RAW DATA
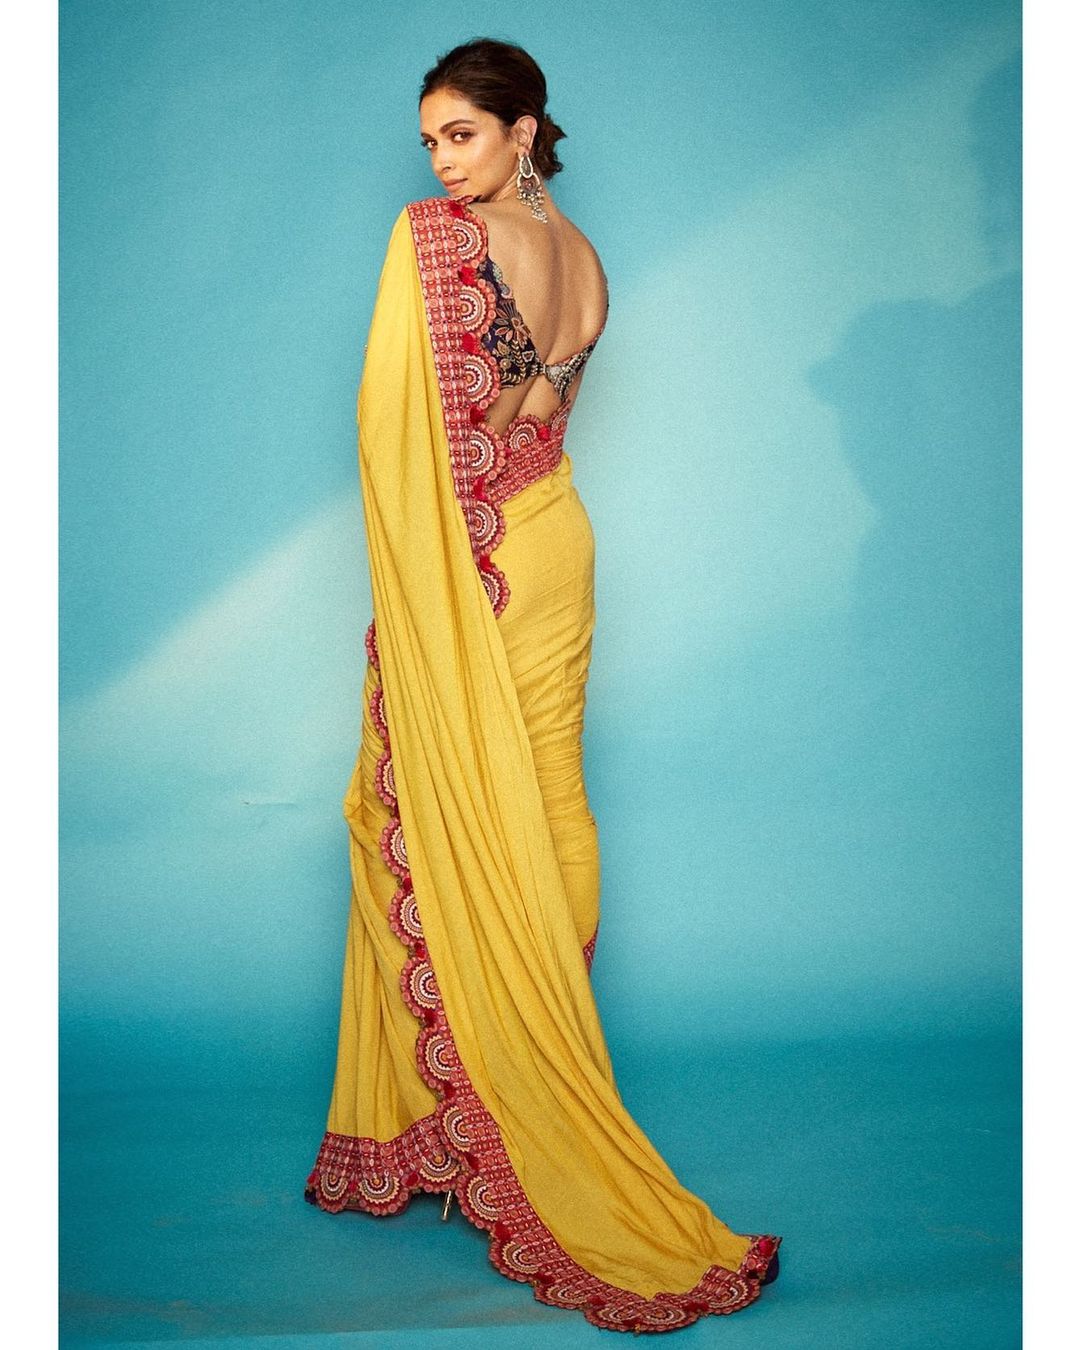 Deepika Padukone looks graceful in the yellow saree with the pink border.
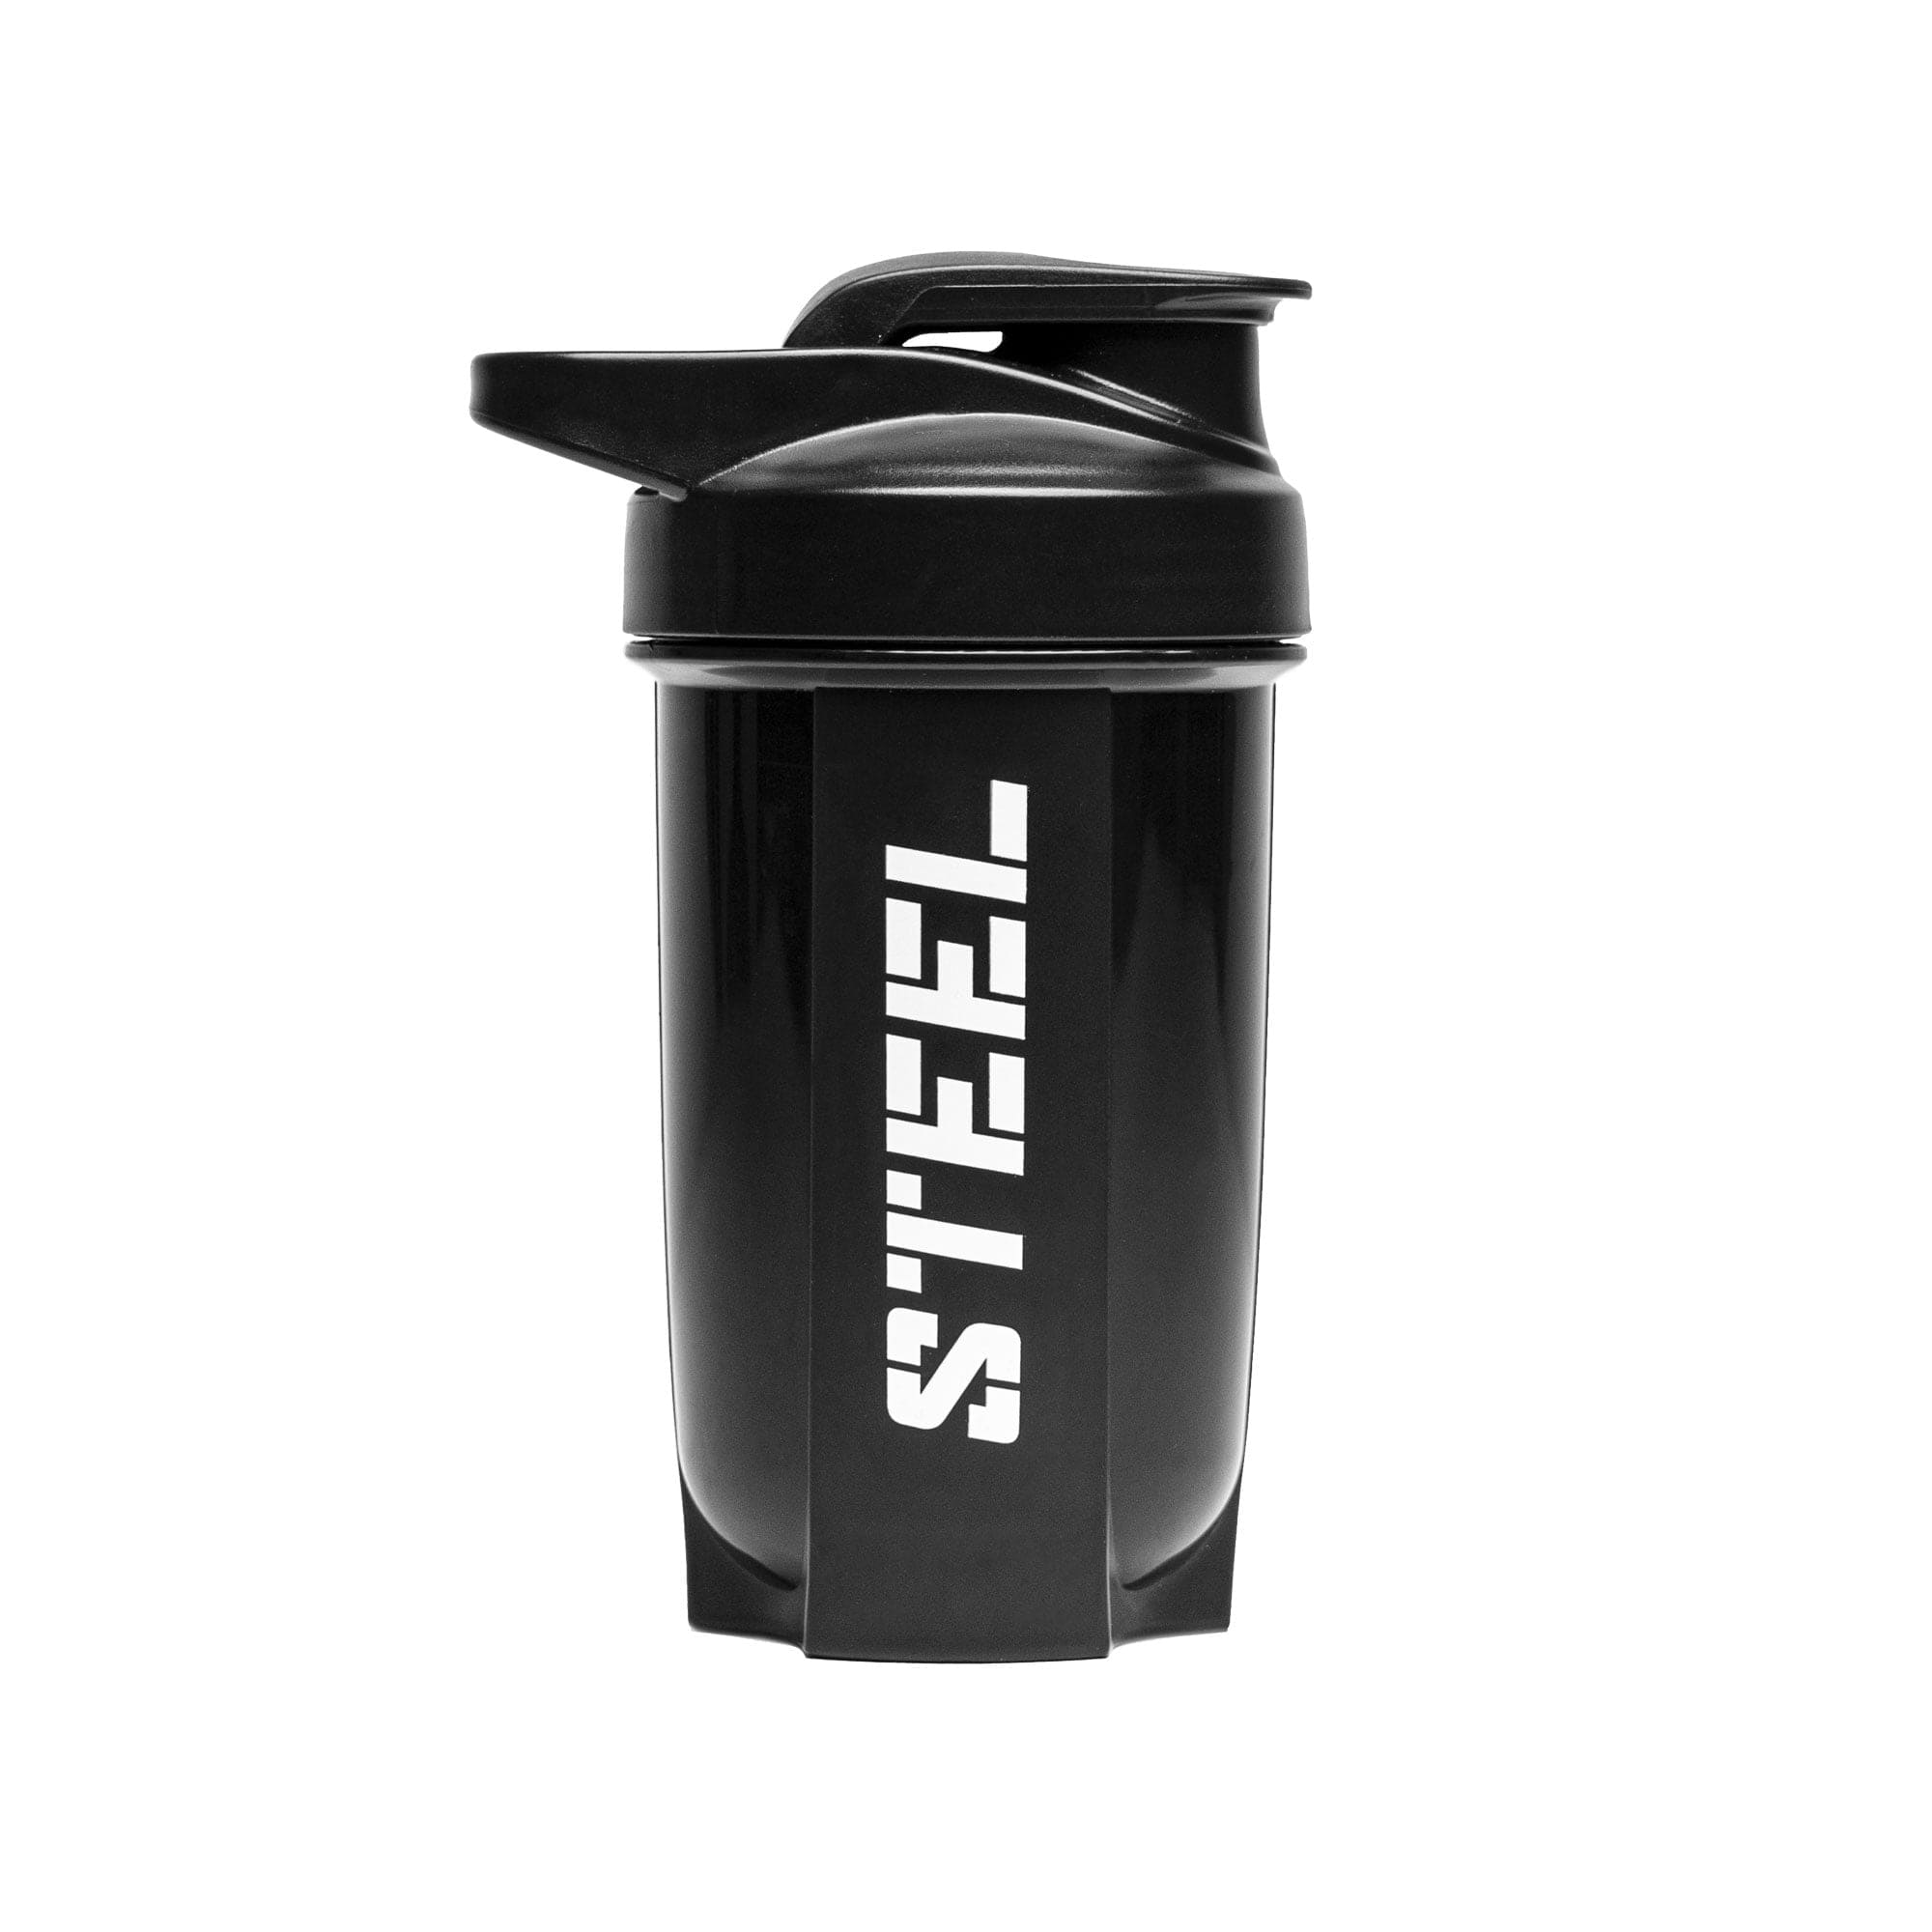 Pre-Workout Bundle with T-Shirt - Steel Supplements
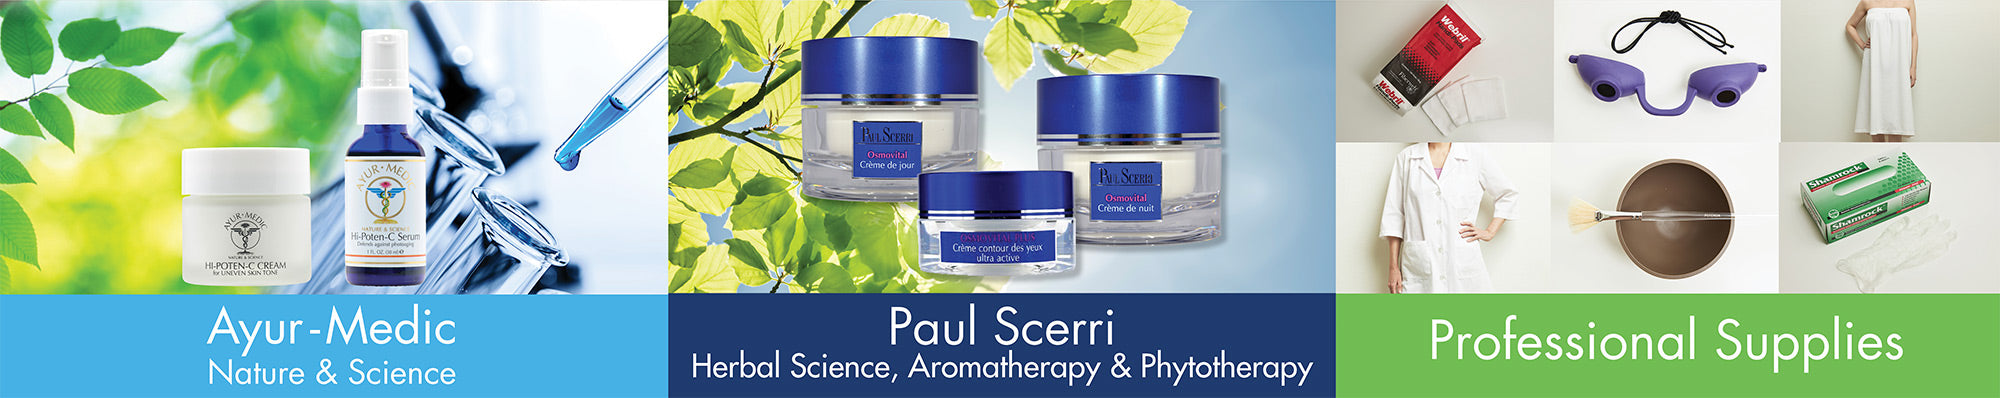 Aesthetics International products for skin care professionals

YOUR OBJECTIVE
Reproduce each line above exactly, but not a single picture.

REPLY TO THE EXERCISE
 Deepika Padukone looks graceful in the yellow saree with the pink border.
 Pre-Workout Bundle with T-Shirt - Steel Supplements
 Aesthetics International products for skin care professionals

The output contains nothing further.